I understand that I have the right to refuse this medication and that it cannot be administered and/or prescribed to me until I have spoken with the prescriber and given consent to it, except in an emergency.My prescriber and I discussed:

  1. What my condition or diagnosis is.
  2. What symptoms the medication(s) should reduce and how likely the medications are to work.
  3. What my chances are of getting better without the medication(s).
  4. What other reasonable treatments are available.
  5. The name, dosage, frequency, route of administration, and duration of prescribed medications.
  6. Side effects of the medications known to commonly occur.
  7. Any special instructions about taking the medications.

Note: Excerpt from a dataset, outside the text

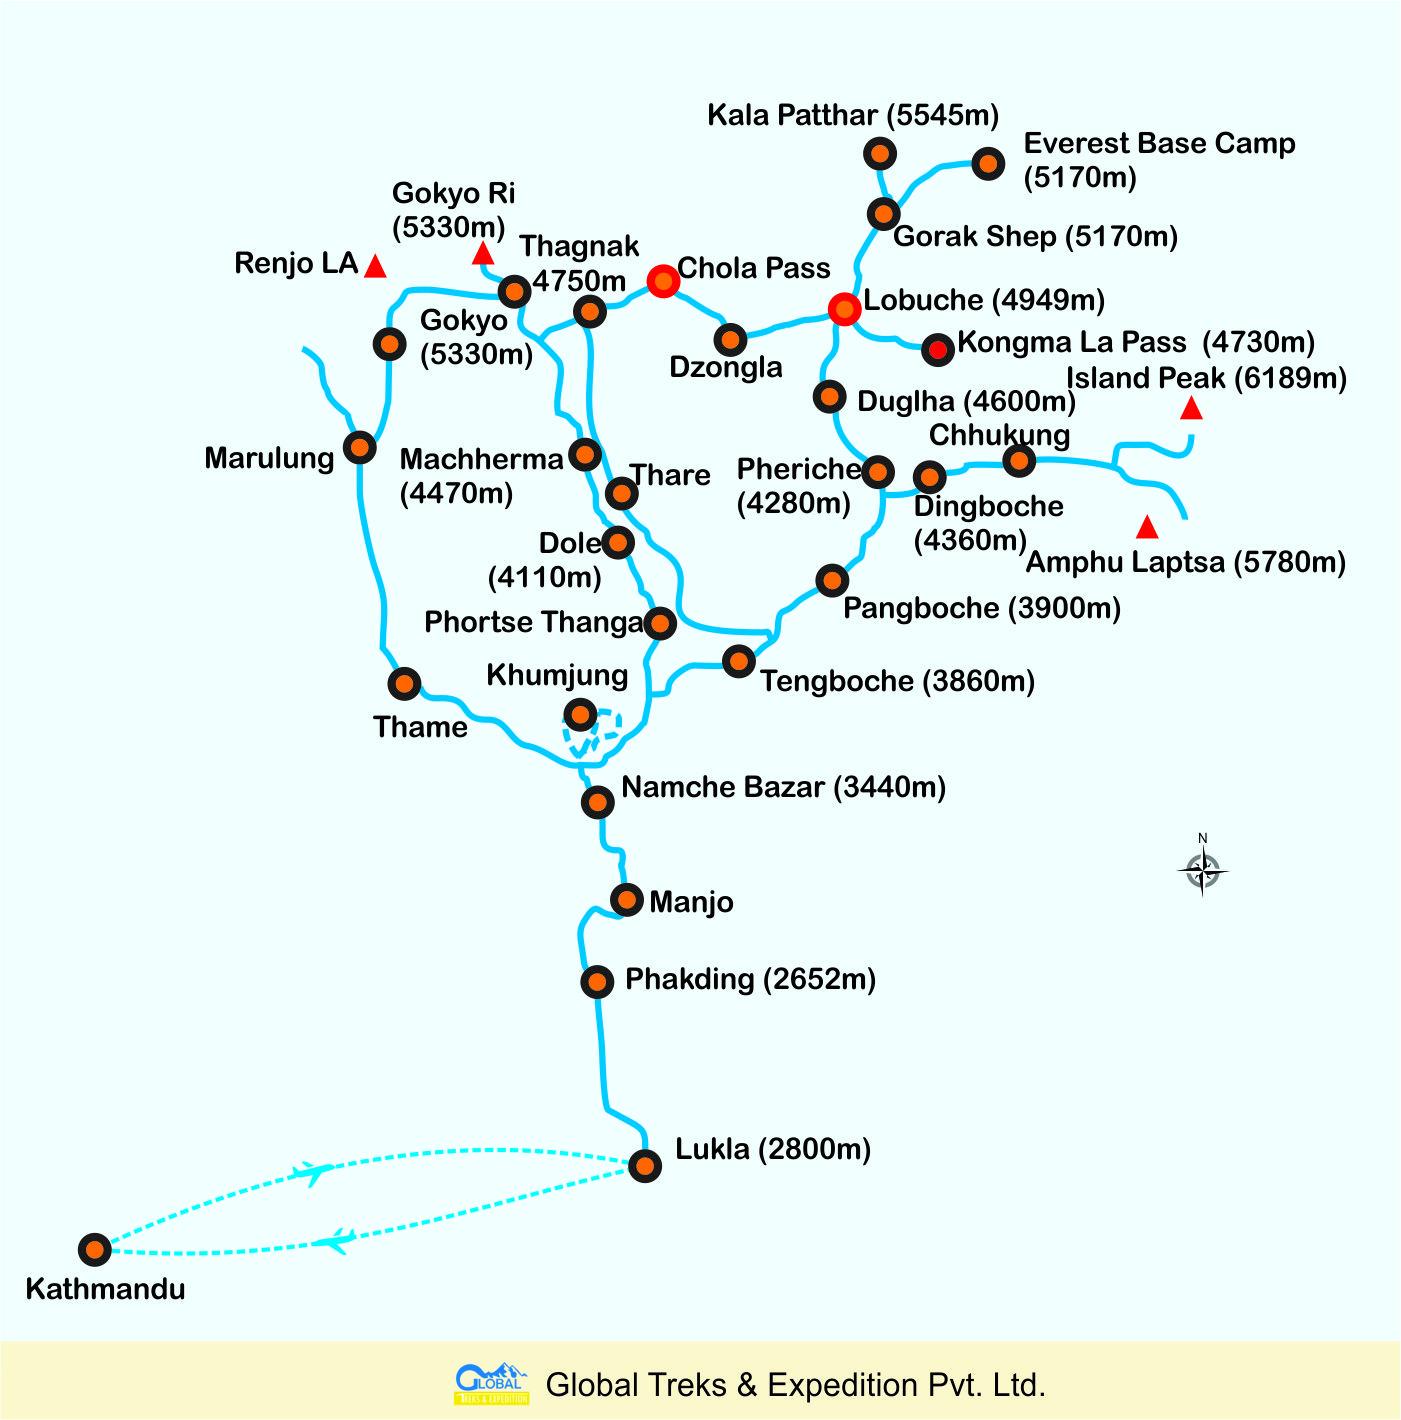 Map of Everest Base Camp Three Passes Trek
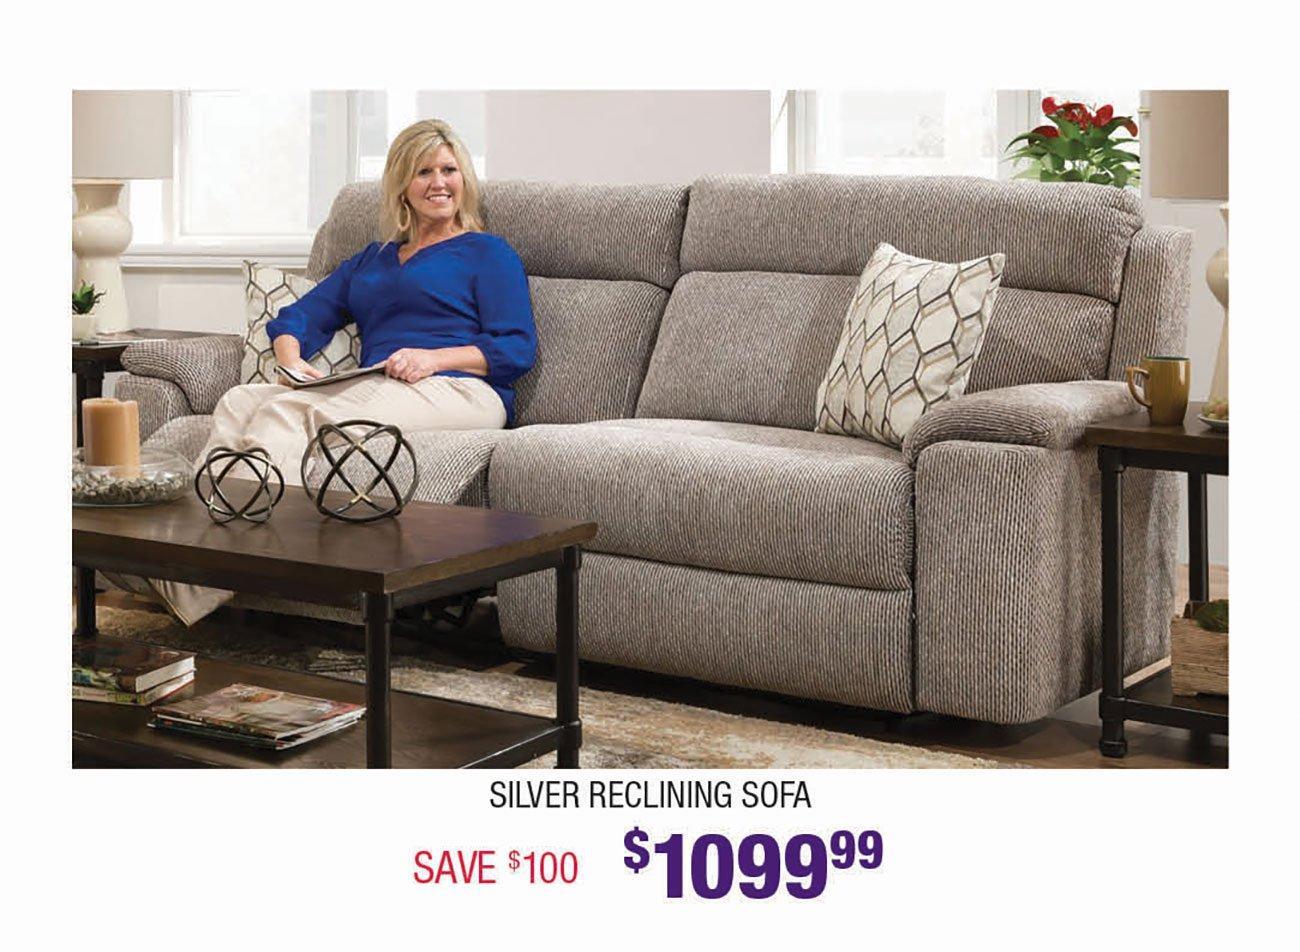 Silver-Reclining-Sofa

Controlled Substance Agreement

  1. . I agree that this practitioner will be the only provider prescribing ADHD medication as seen as the best treatment option per the provider’s recommendation via telemedicine.
  2. I will obtain all of my prescriptions for this medication at one pharmacy. The exception would be an emergency situation or in the unlikely event that I run out of medication. Should such occasions occur, I will inform my provider as soon as possible.
  3. I understand the importance of taking the medication at the dose and frequency prescribed by my provider. I agree not to increase the dose of the medication without first discussing it with my provider. I understand that expected prescription refill dates will be used to promote the optimal use of this medication.
  4. My provider may require random urine testing as a matter of routine monitoring.
  5. I will attend all reasonable appointments, treatments, and consultations as requested by my provider. I will pursue other ADHD consultations/management strategies as necessary.
  6. I understand that I should check with my provider or pharmacist before taking other medications including over-the-counter and herbal products.
  7. I agree to be responsible for the secure storage of my medication at all times. I agree not to give or sell my prescribed medication to any other person. I acknowledge that my provider is not obligated to replace any medication shortfall.
  8. I consent to open communication between my doctor and any other health care professionals involved in my ADHD management, such as pharmacists, other doctors, emergency departments, etc.
  9. I understand that if I break this agreement, my provider reserves the right to stop prescribing stimulant medications for me.
  10. I understand that I must attend my follow-up appointments in order to receive refills.